WHAT TO PRODUCE
Below, find the line containing "doigts avec des" and the line containing "マスク 臭い ポリウレタン"; reproduce exactly those two and every line between them, omitting pictures.

DATA RECORDS
***
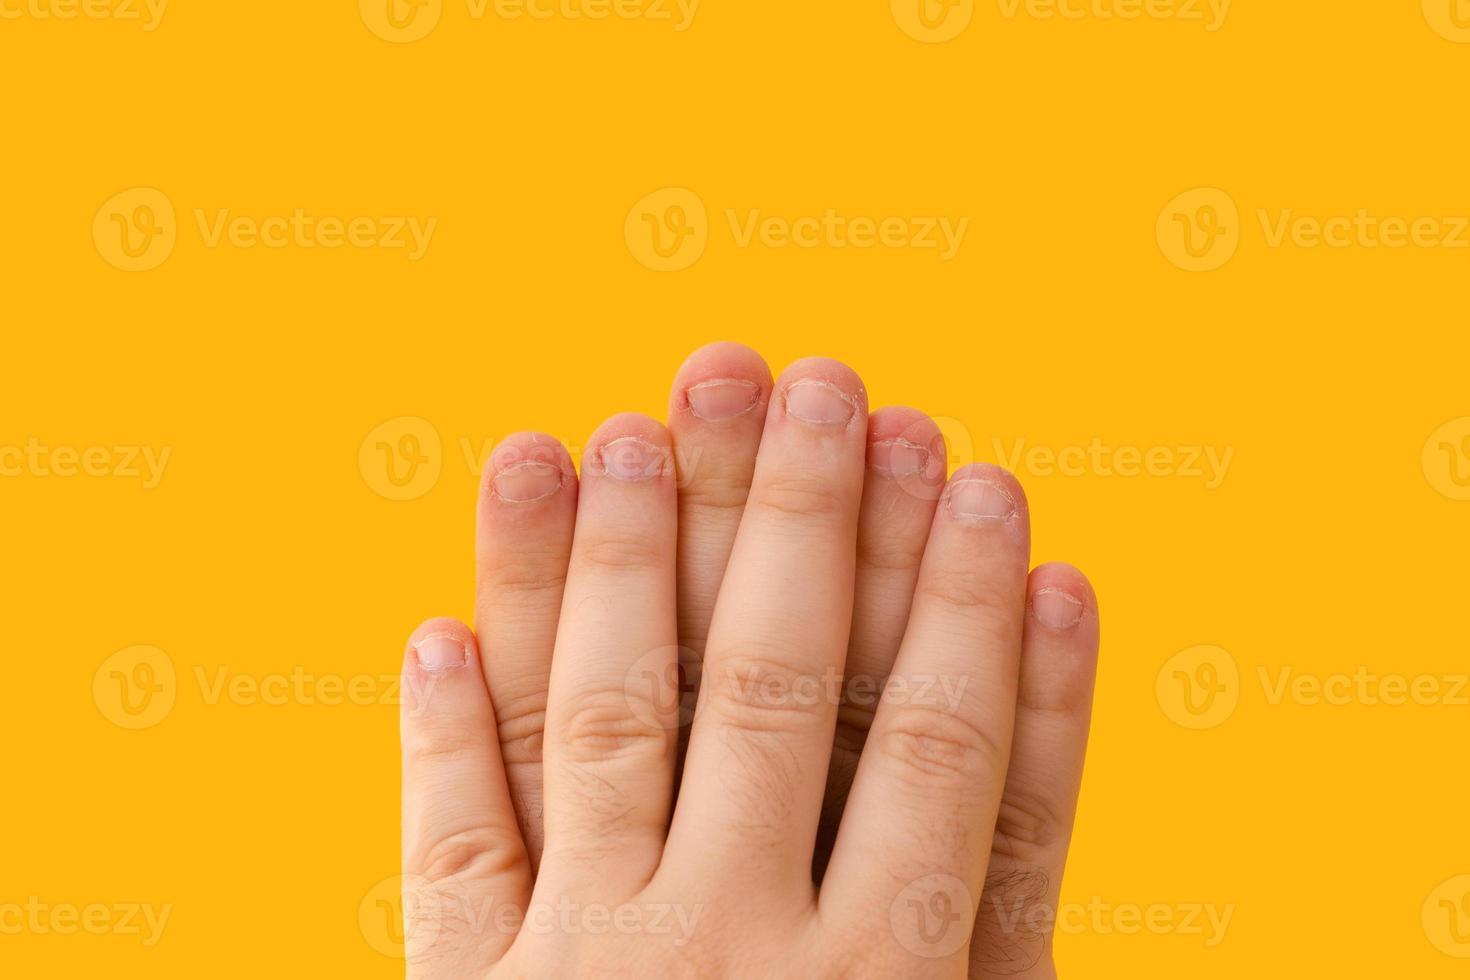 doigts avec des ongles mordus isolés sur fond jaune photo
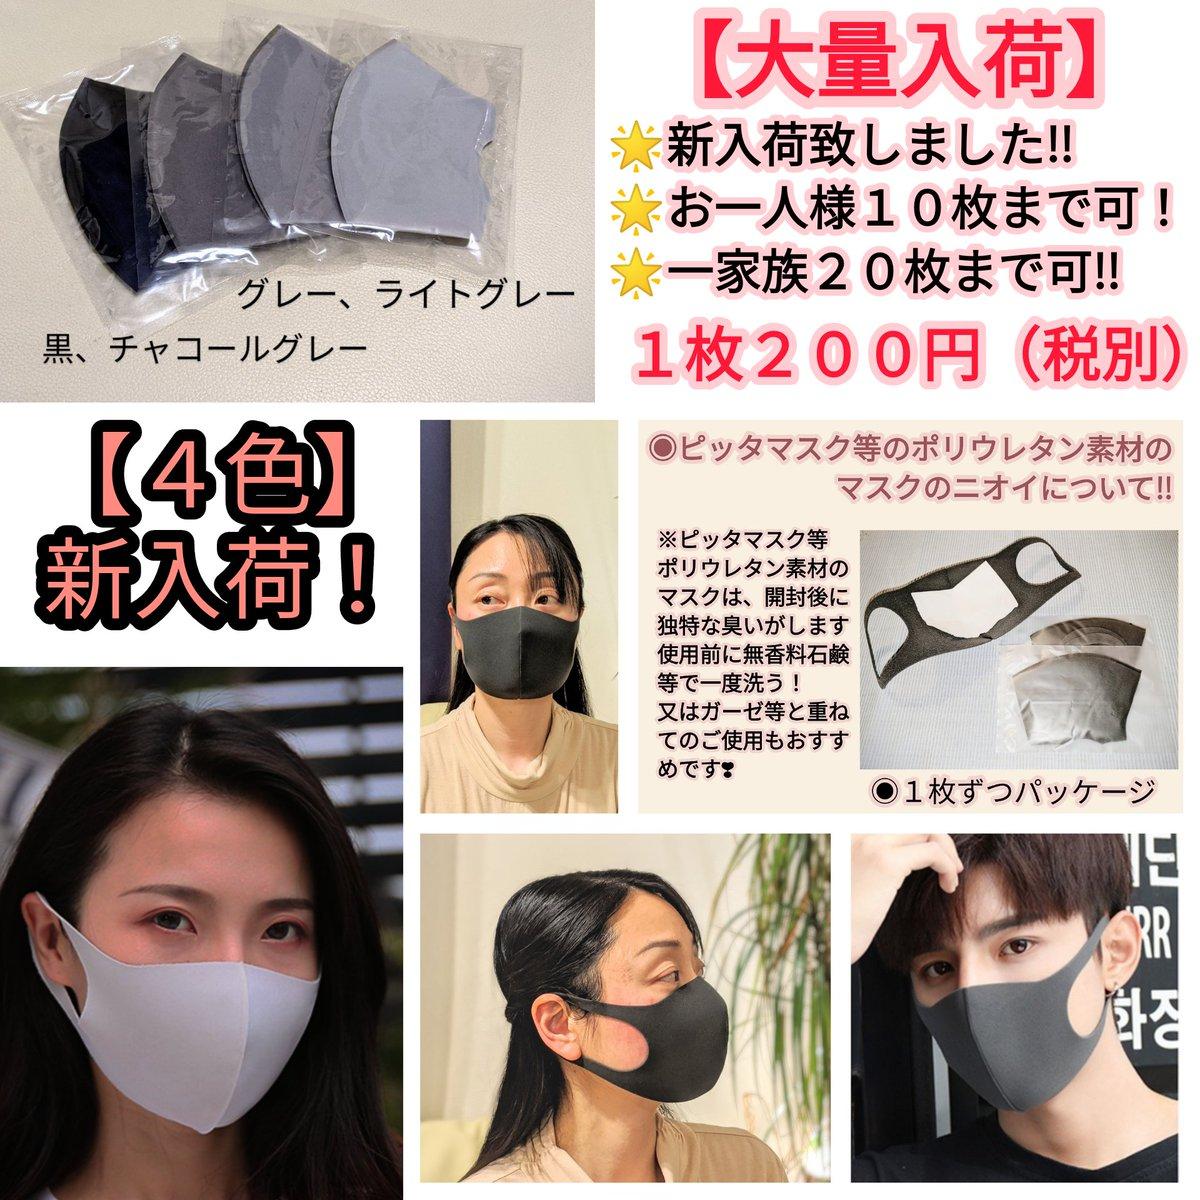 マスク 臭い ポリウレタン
***
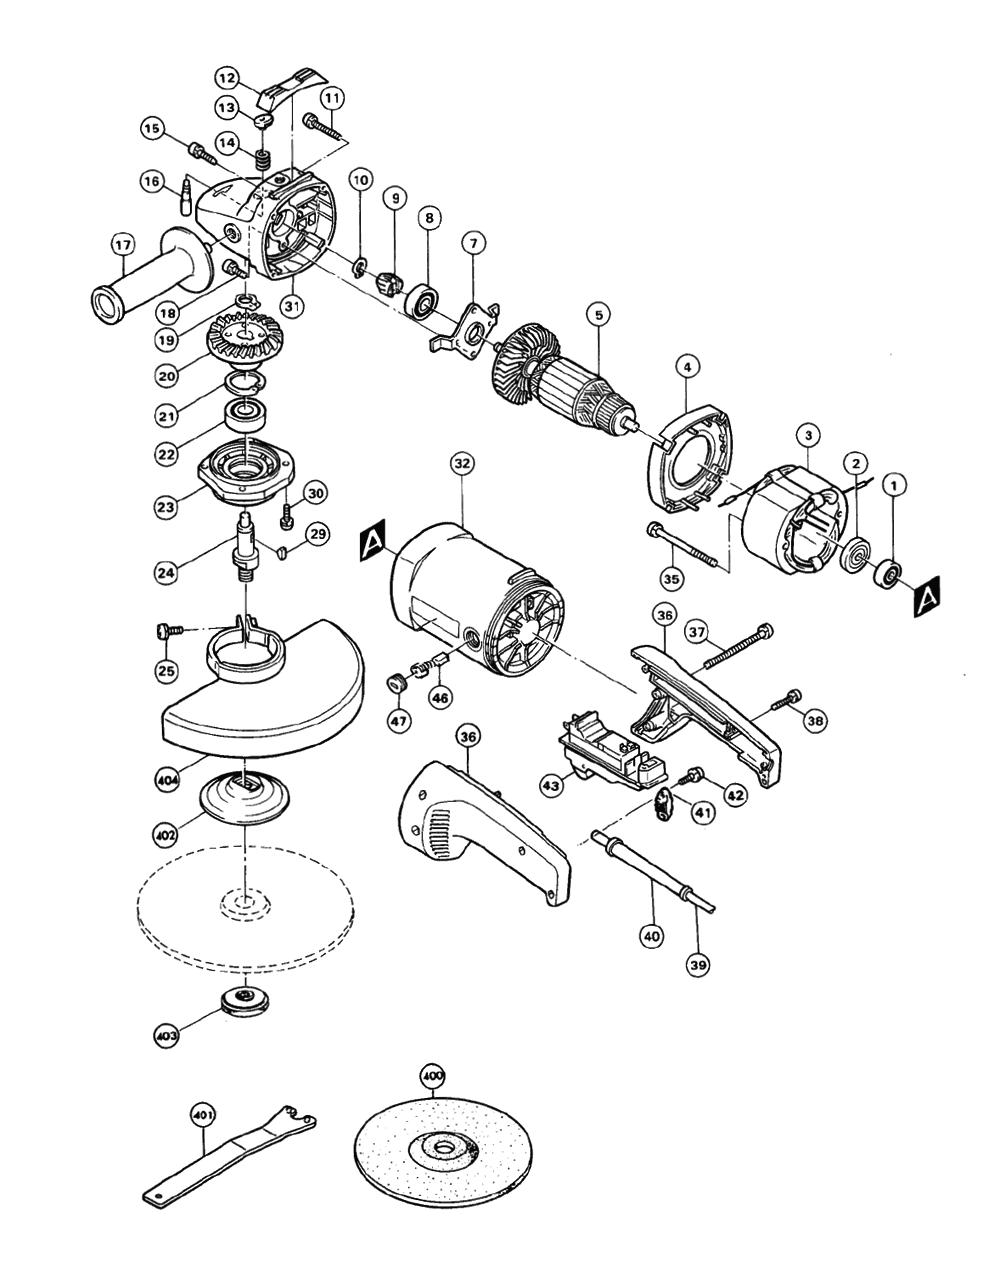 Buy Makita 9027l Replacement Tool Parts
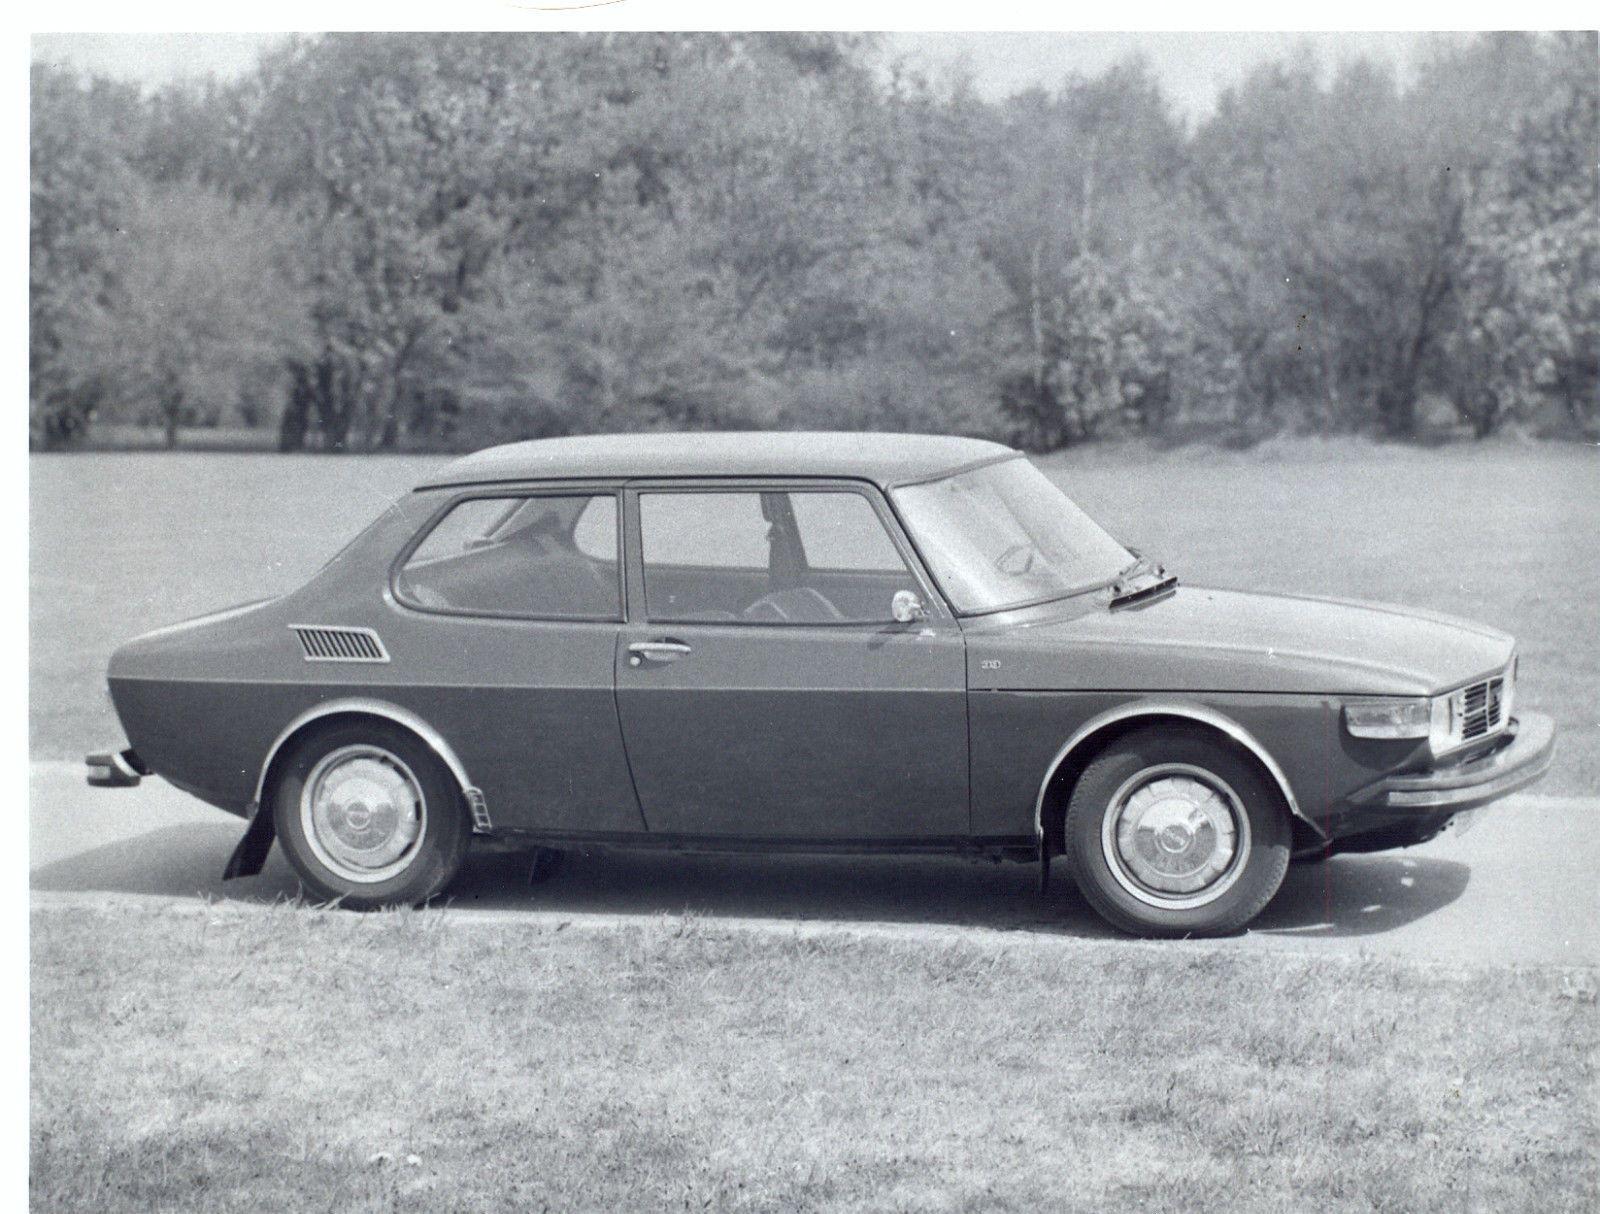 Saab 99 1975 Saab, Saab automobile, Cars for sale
***
RESPONSE BOX
 doigts avec des ongles mordus isolés sur fond jaune photo
 マスク 臭い ポリウレタン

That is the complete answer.